Dataset excerpts:
^^^^^^^^
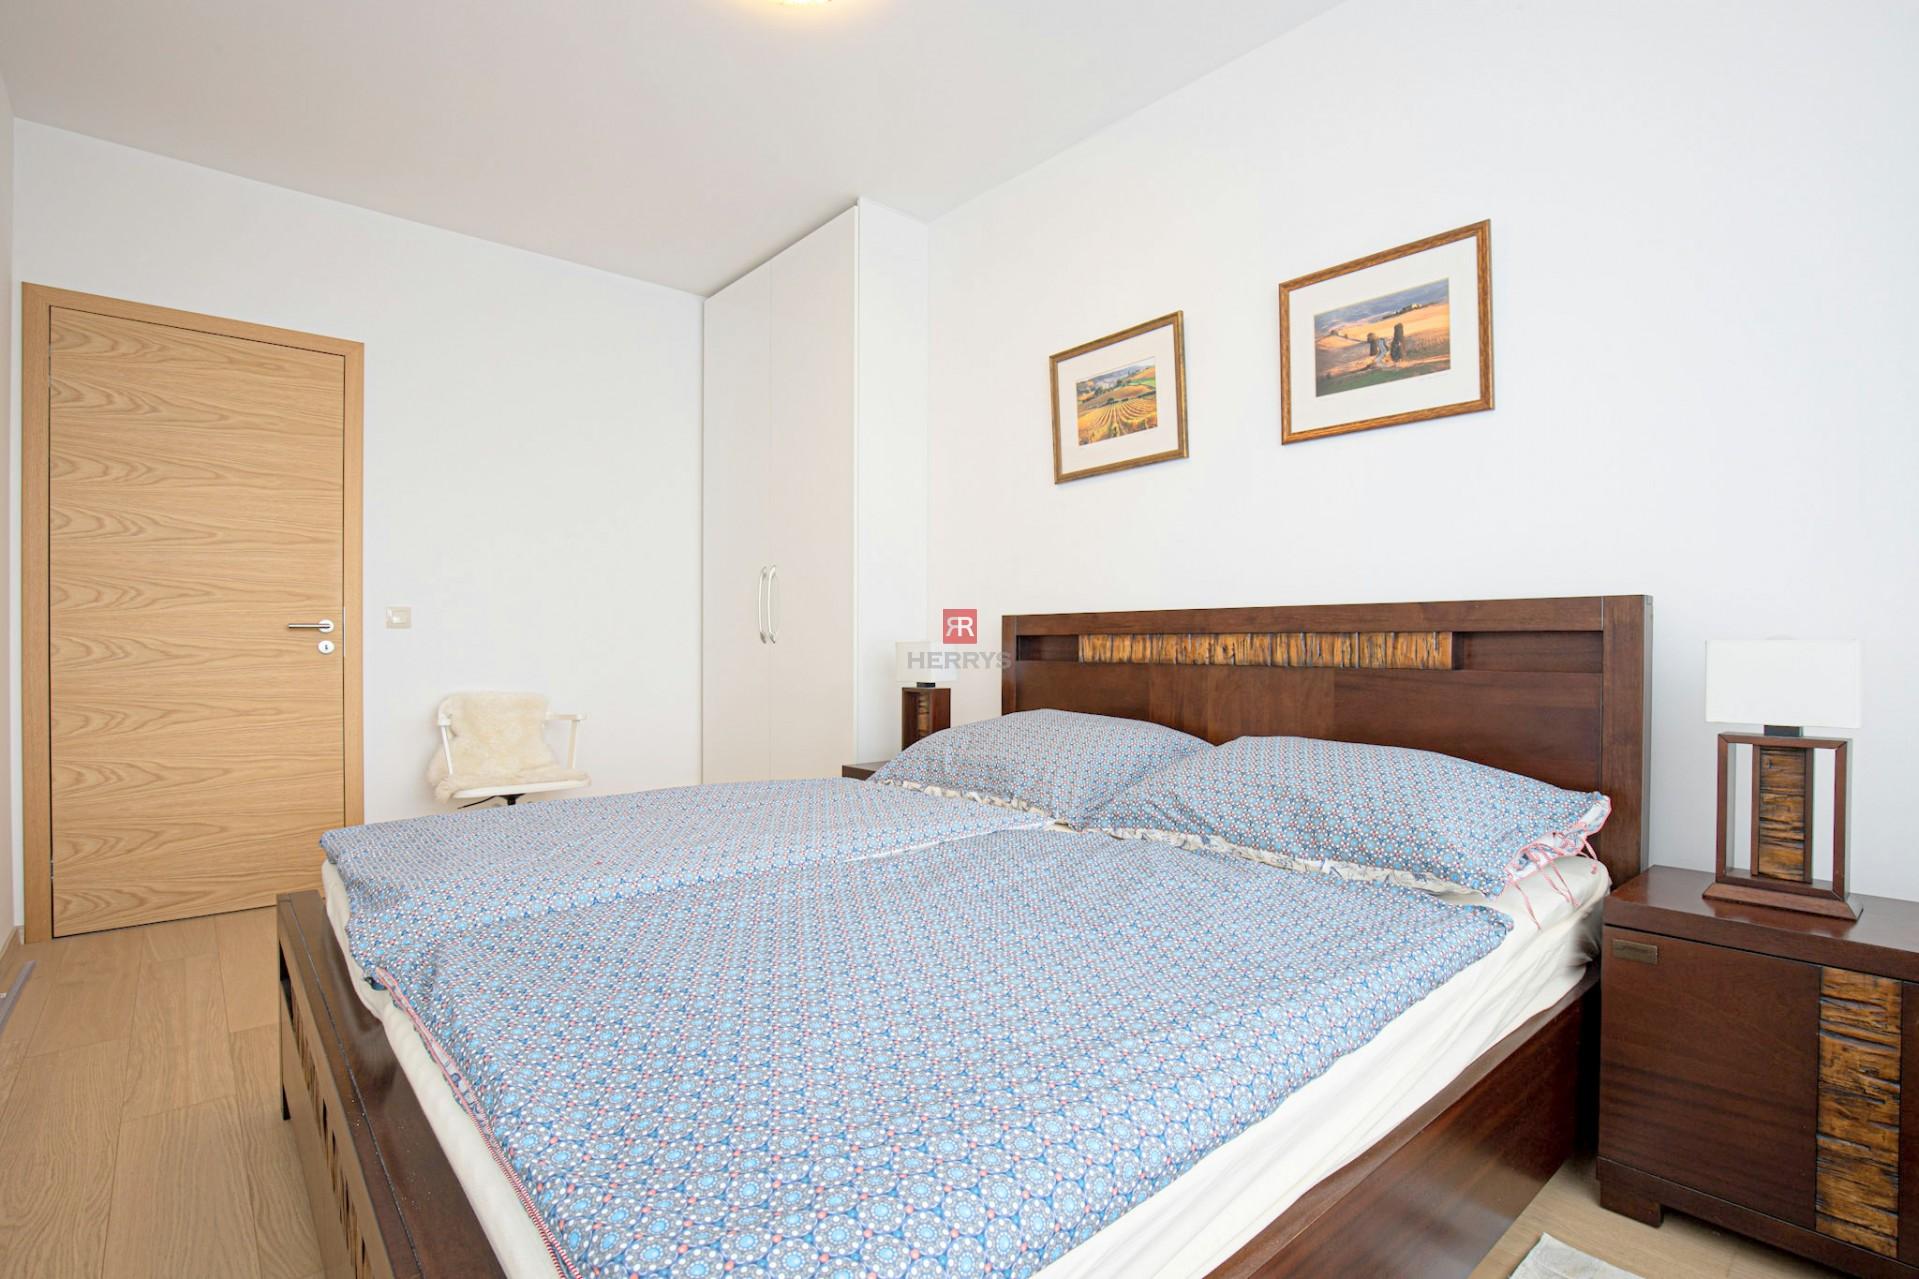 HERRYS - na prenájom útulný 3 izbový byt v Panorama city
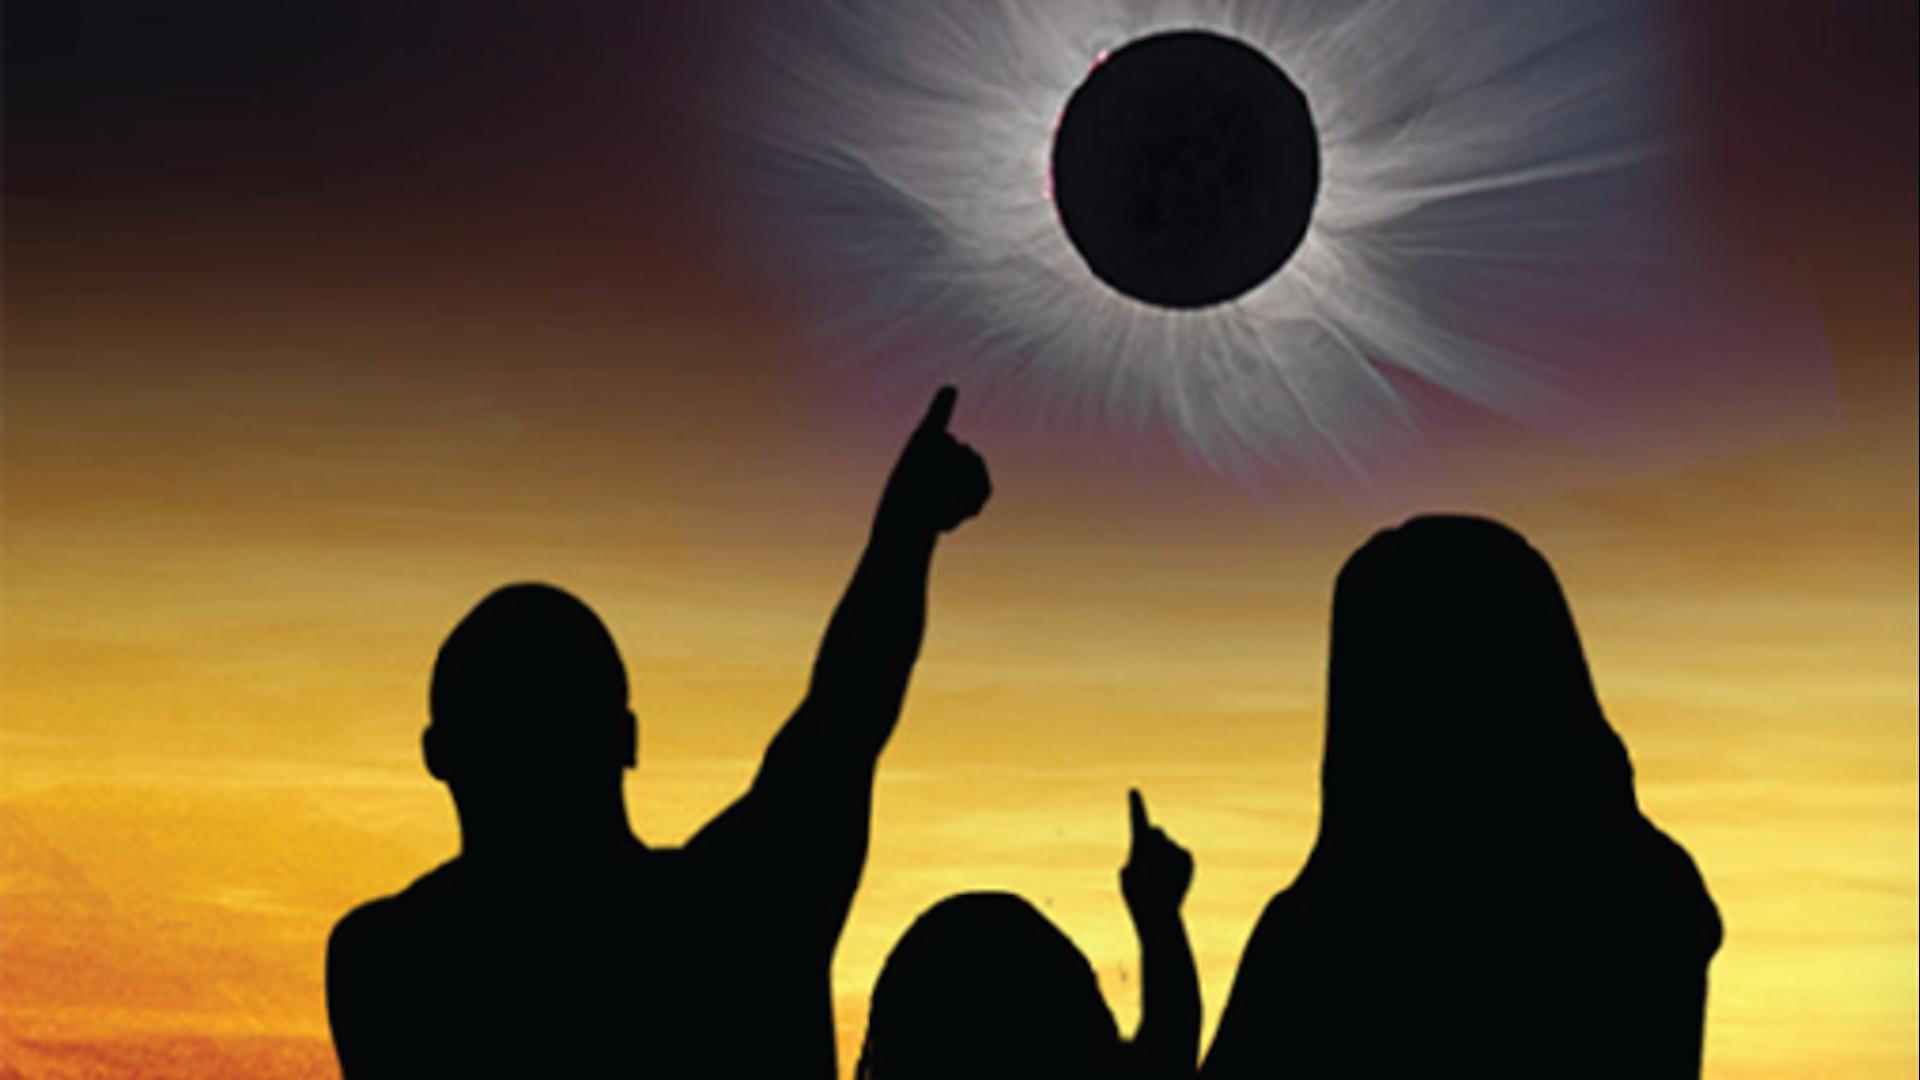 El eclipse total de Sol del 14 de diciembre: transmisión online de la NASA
^^^^^^^^
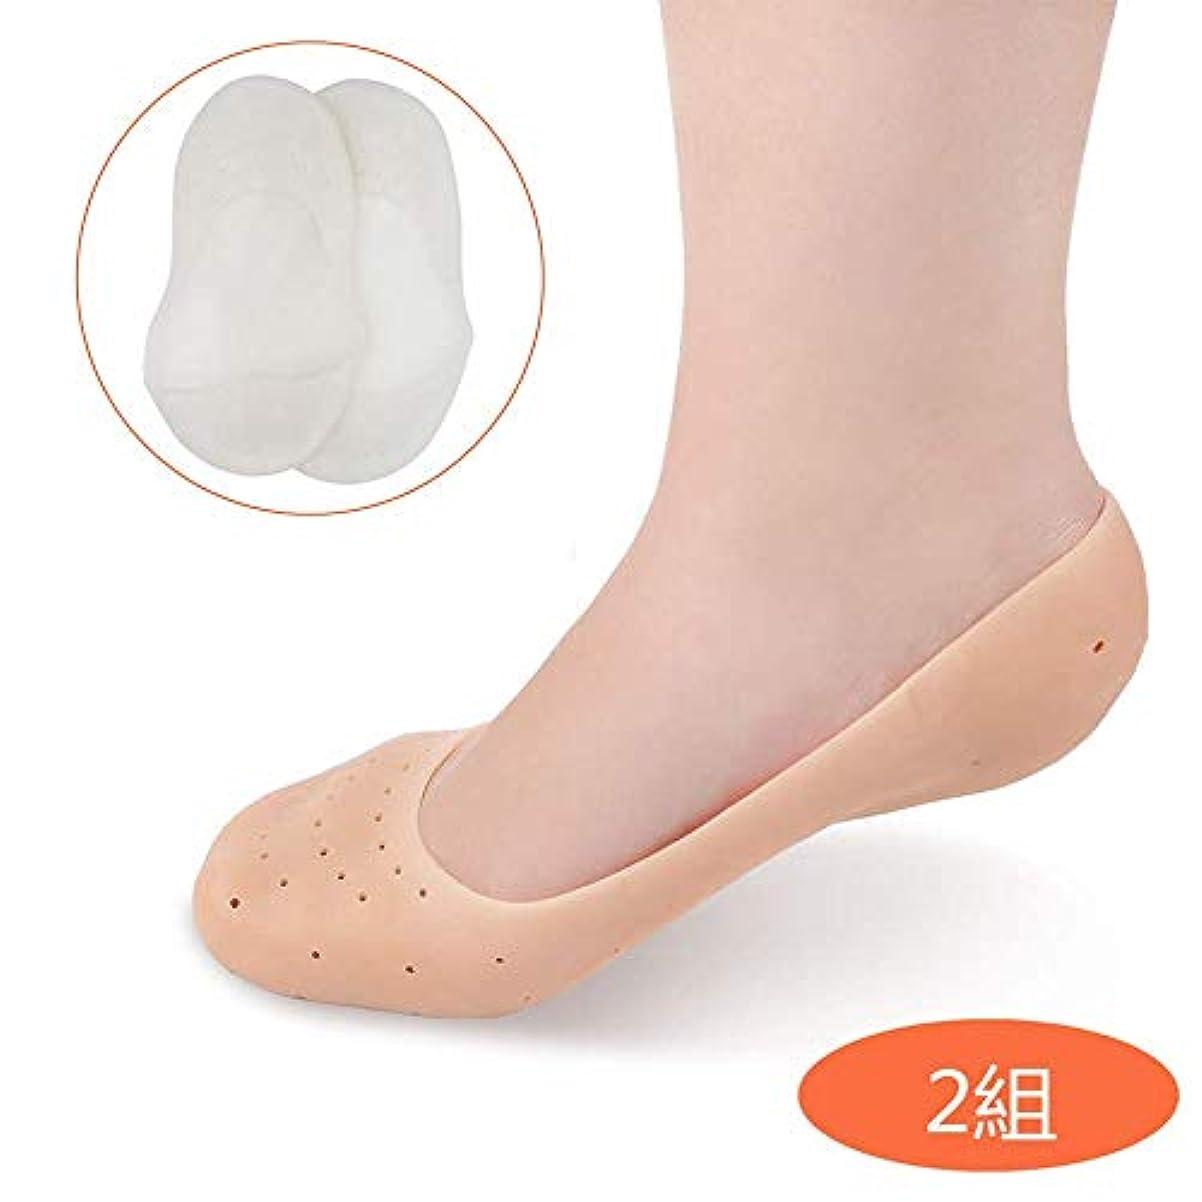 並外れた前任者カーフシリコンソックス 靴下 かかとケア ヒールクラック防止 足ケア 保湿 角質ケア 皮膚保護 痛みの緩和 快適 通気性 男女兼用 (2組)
^^^^^^^^
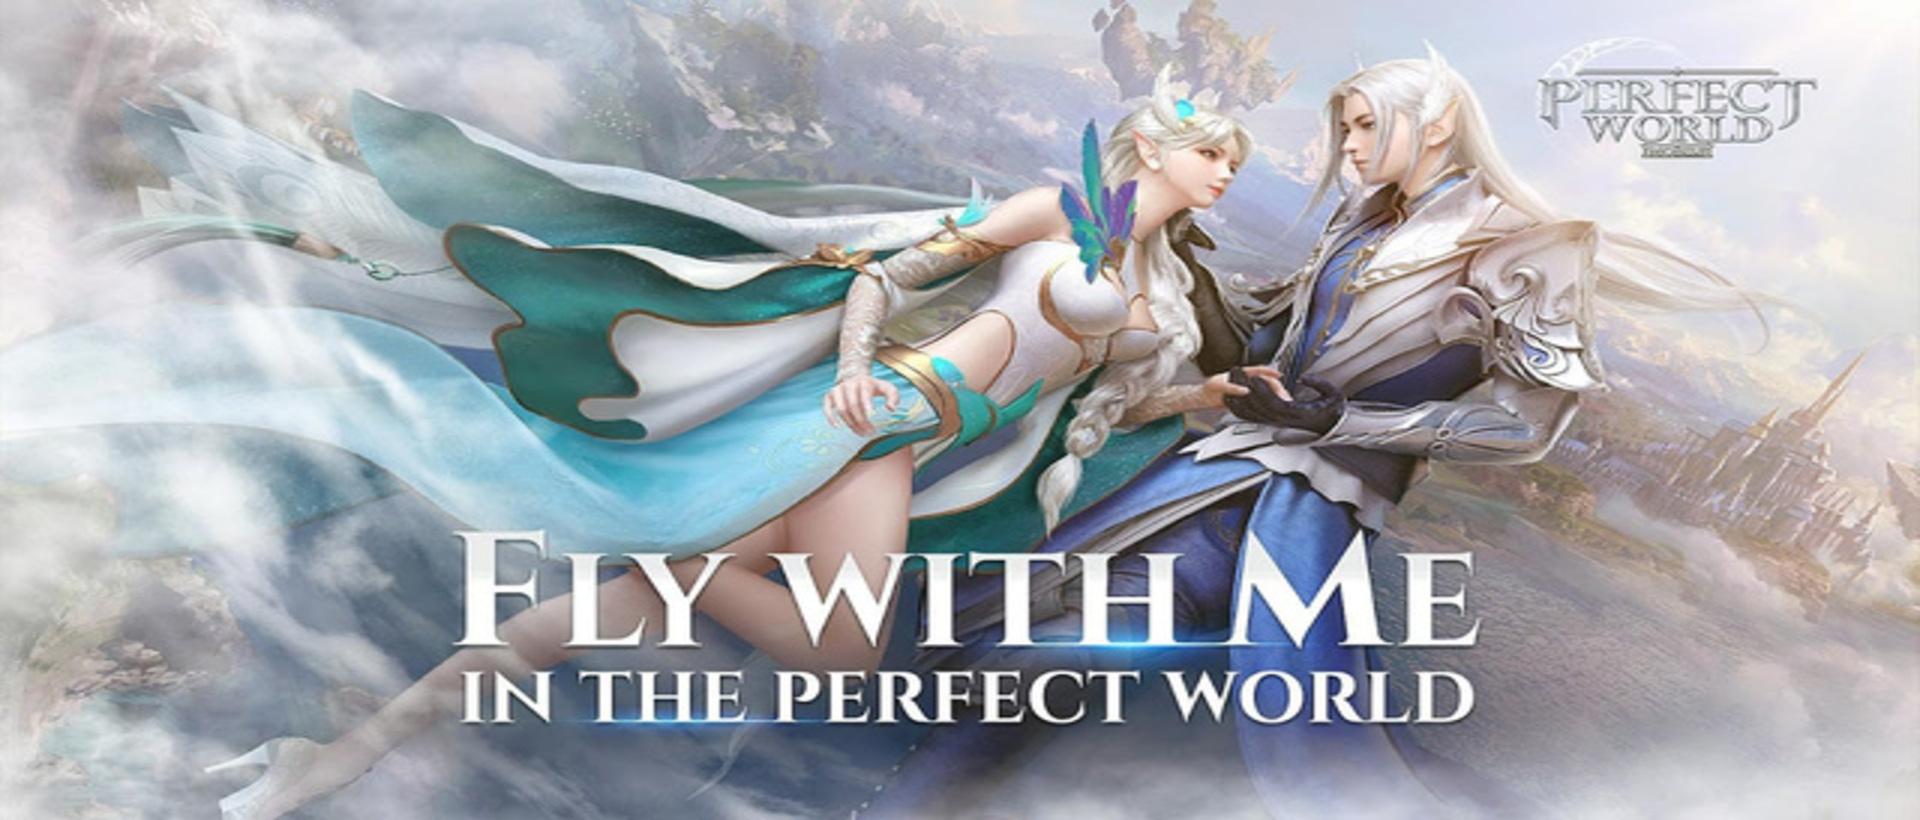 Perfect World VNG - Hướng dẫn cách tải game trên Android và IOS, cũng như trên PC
^^^^^^^^
Problem statement:
Treat the line with "HERRYS - na" as the start and the line with "El eclipse total" as the end, and return exactly that span of the data above, both ends included, without pictures.

Result for this exercise:
 HERRYS - na prenájom útulný 3 izbový byt v Panorama city
 El eclipse total de Sol del 14 de diciembre: transmisión online de la NASA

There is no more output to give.